Goal of the exercise:
Restate all the lines below word for word, but omit the pictures.

Recorded information:
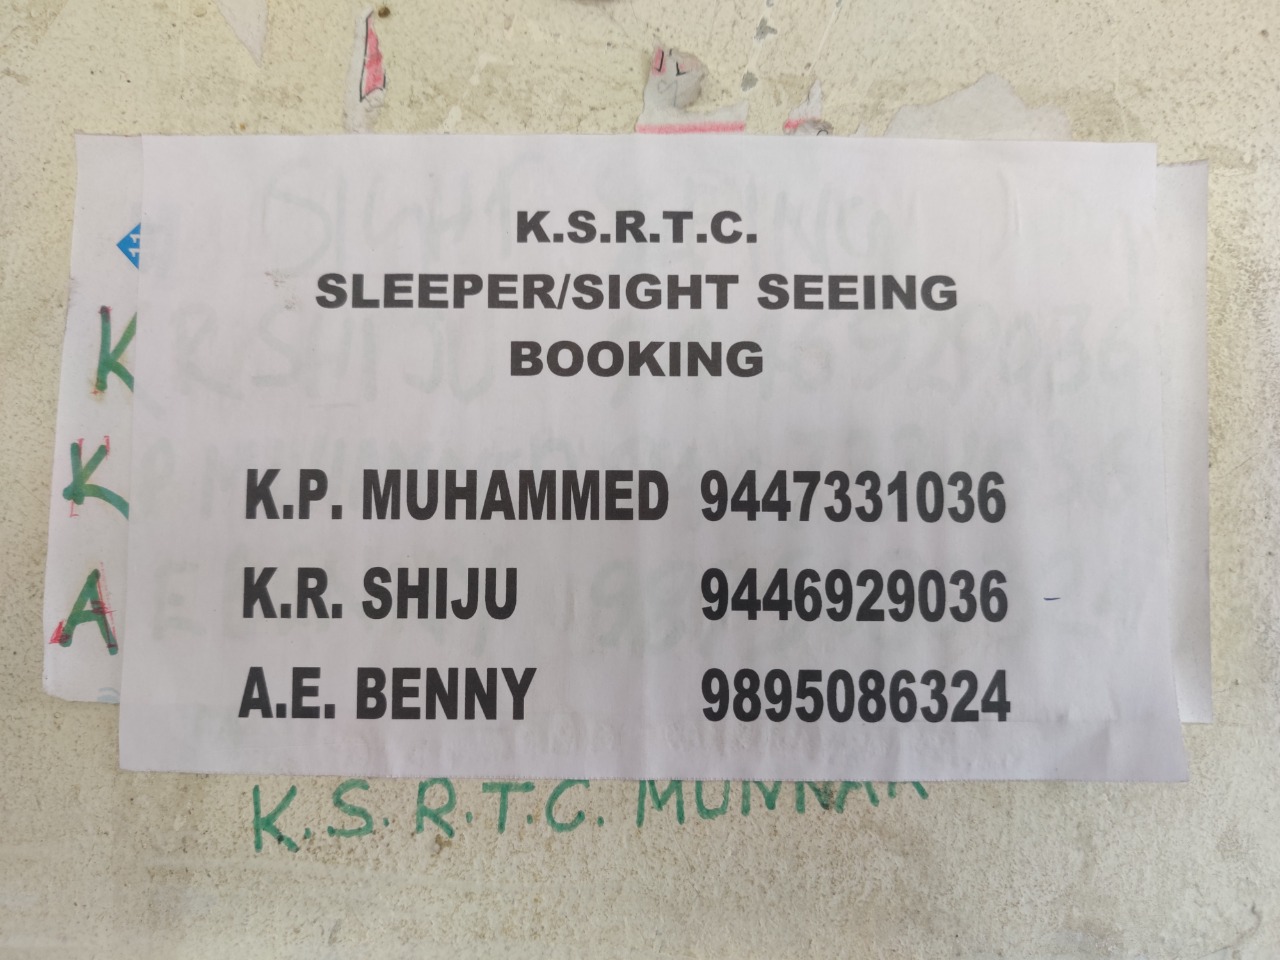 Munnar KSRTC Room Booking Contact Number
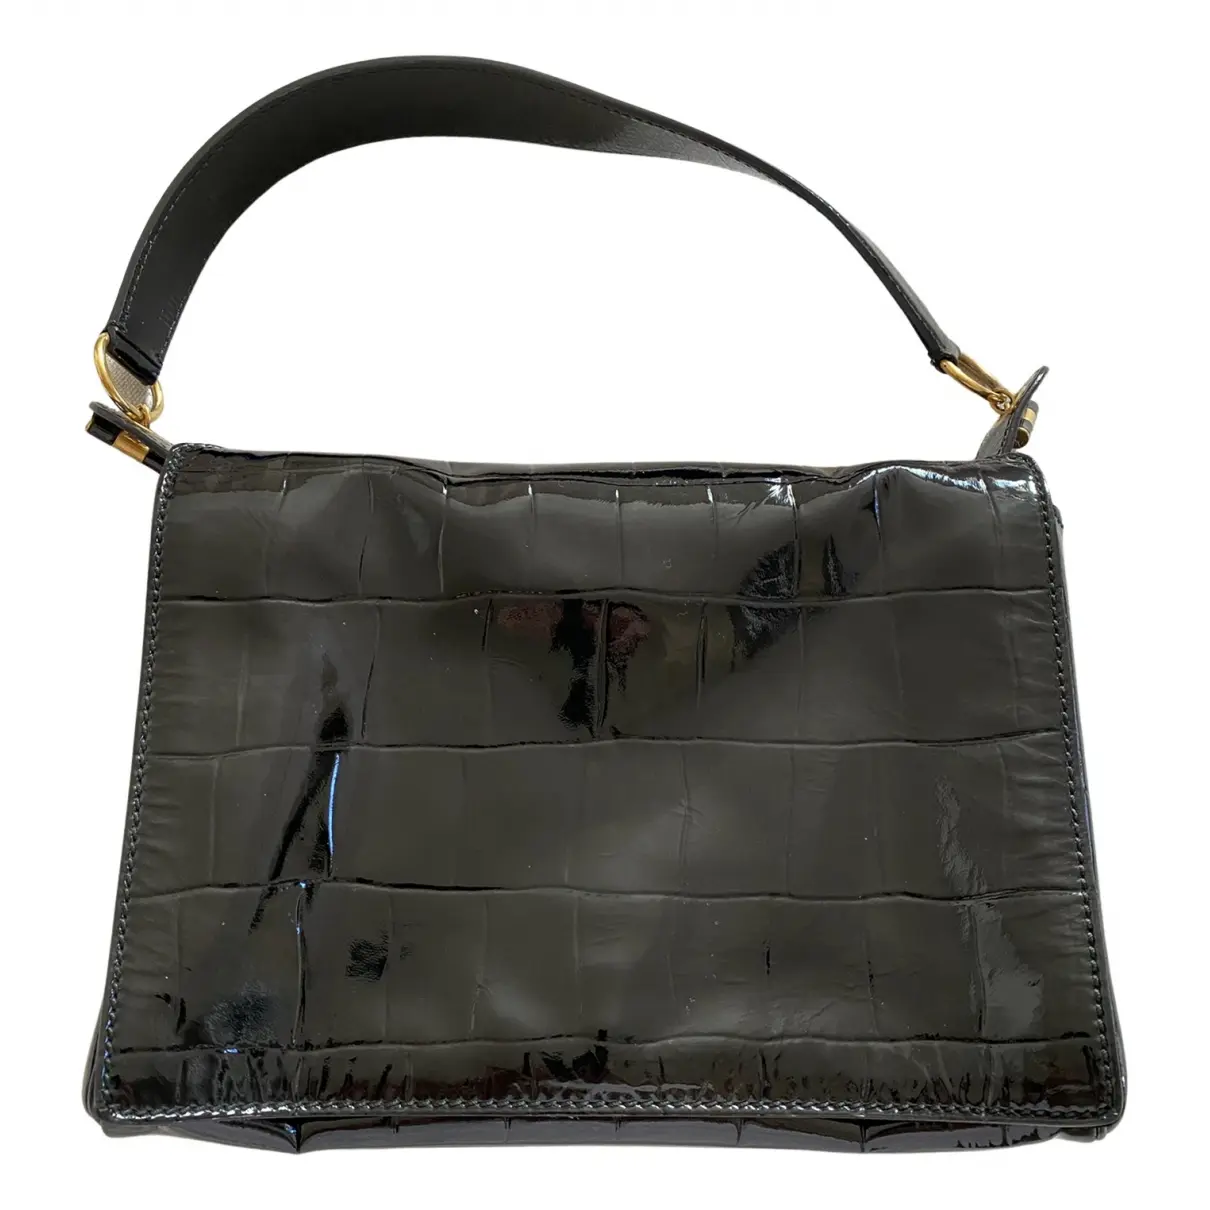 Patent leather handbag Yves Saint Laurent
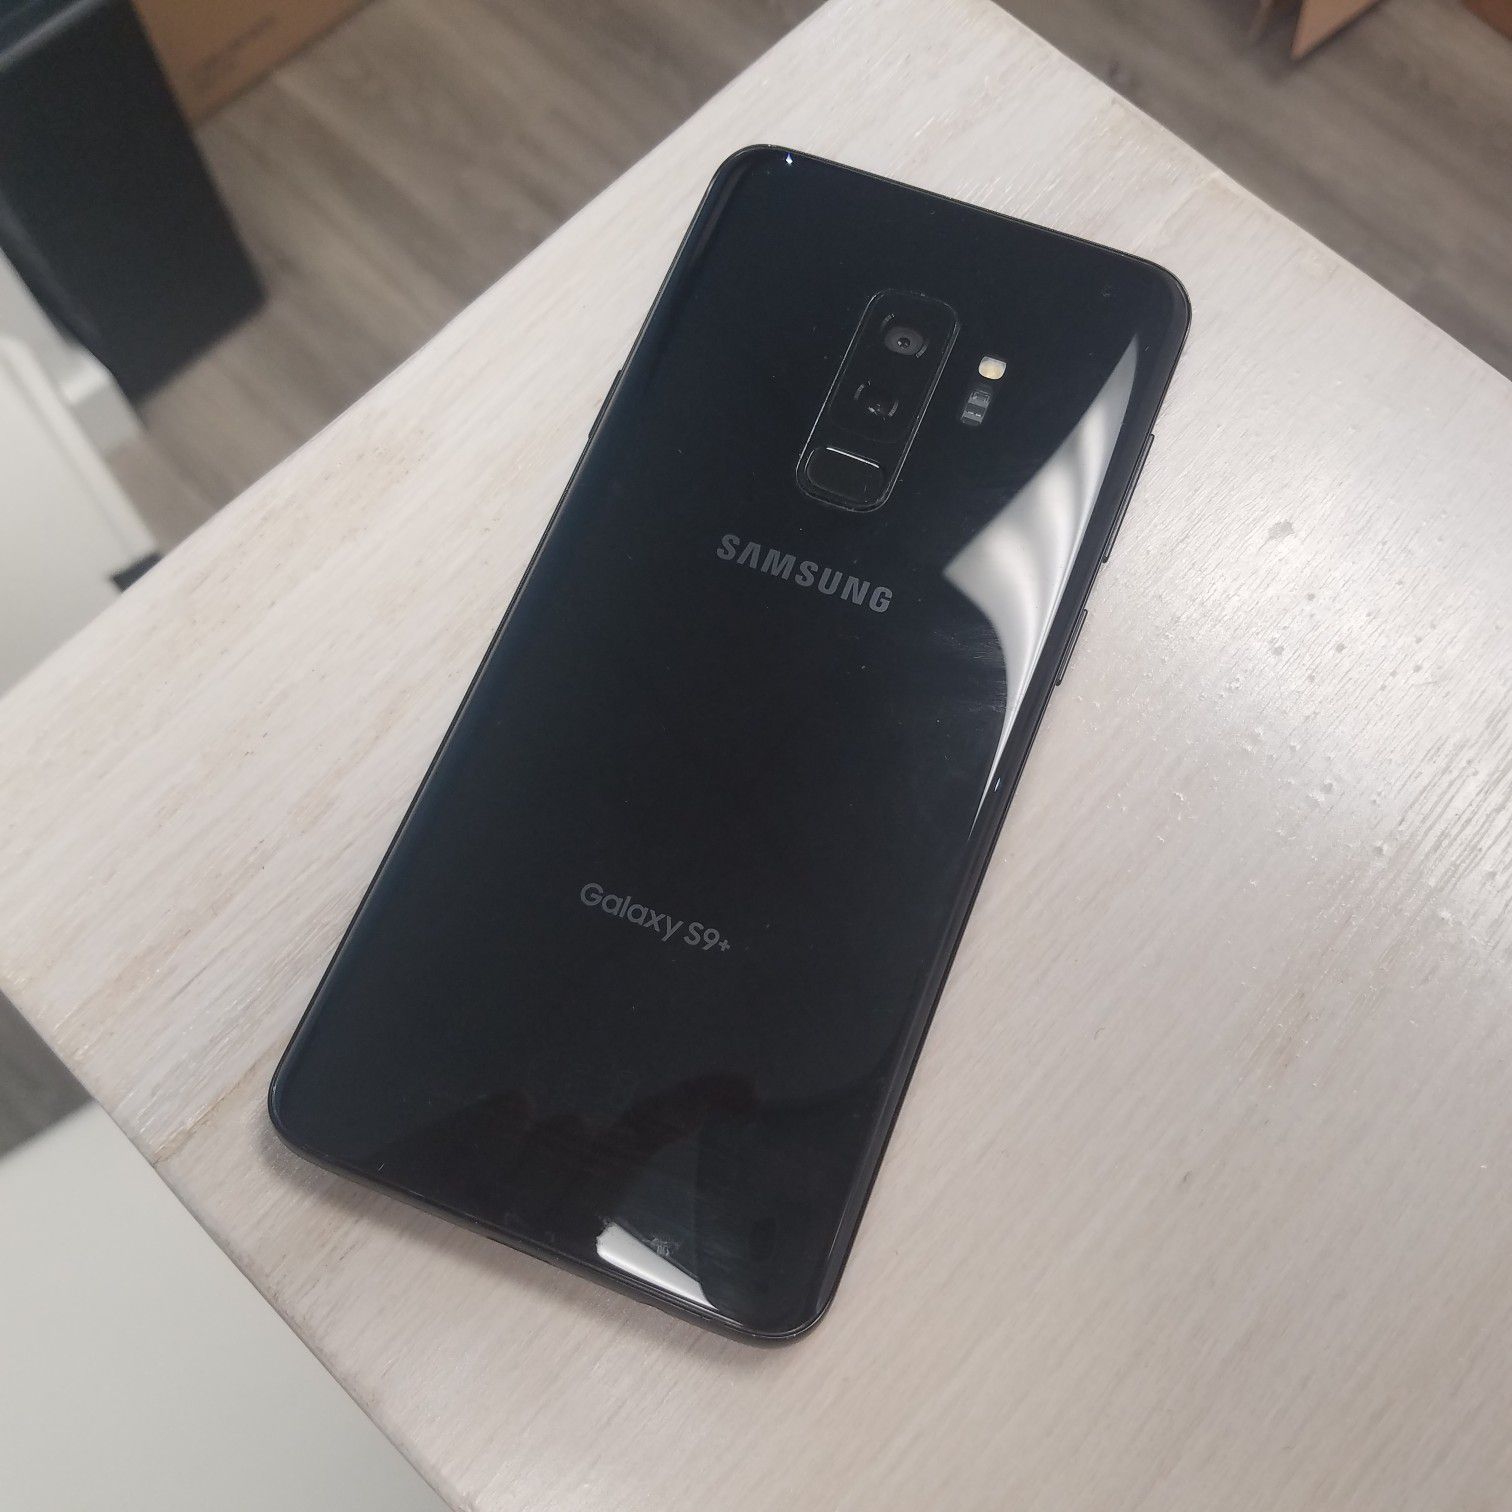 Samsung Galaxy s9 plus 128GB UNLOCKED

Task result:
 Munnar KSRTC Room Booking Contact Number
 Patent leather handbag Yves Saint Laurent
 Samsung Galaxy s9 plus 128GB UNLOCKED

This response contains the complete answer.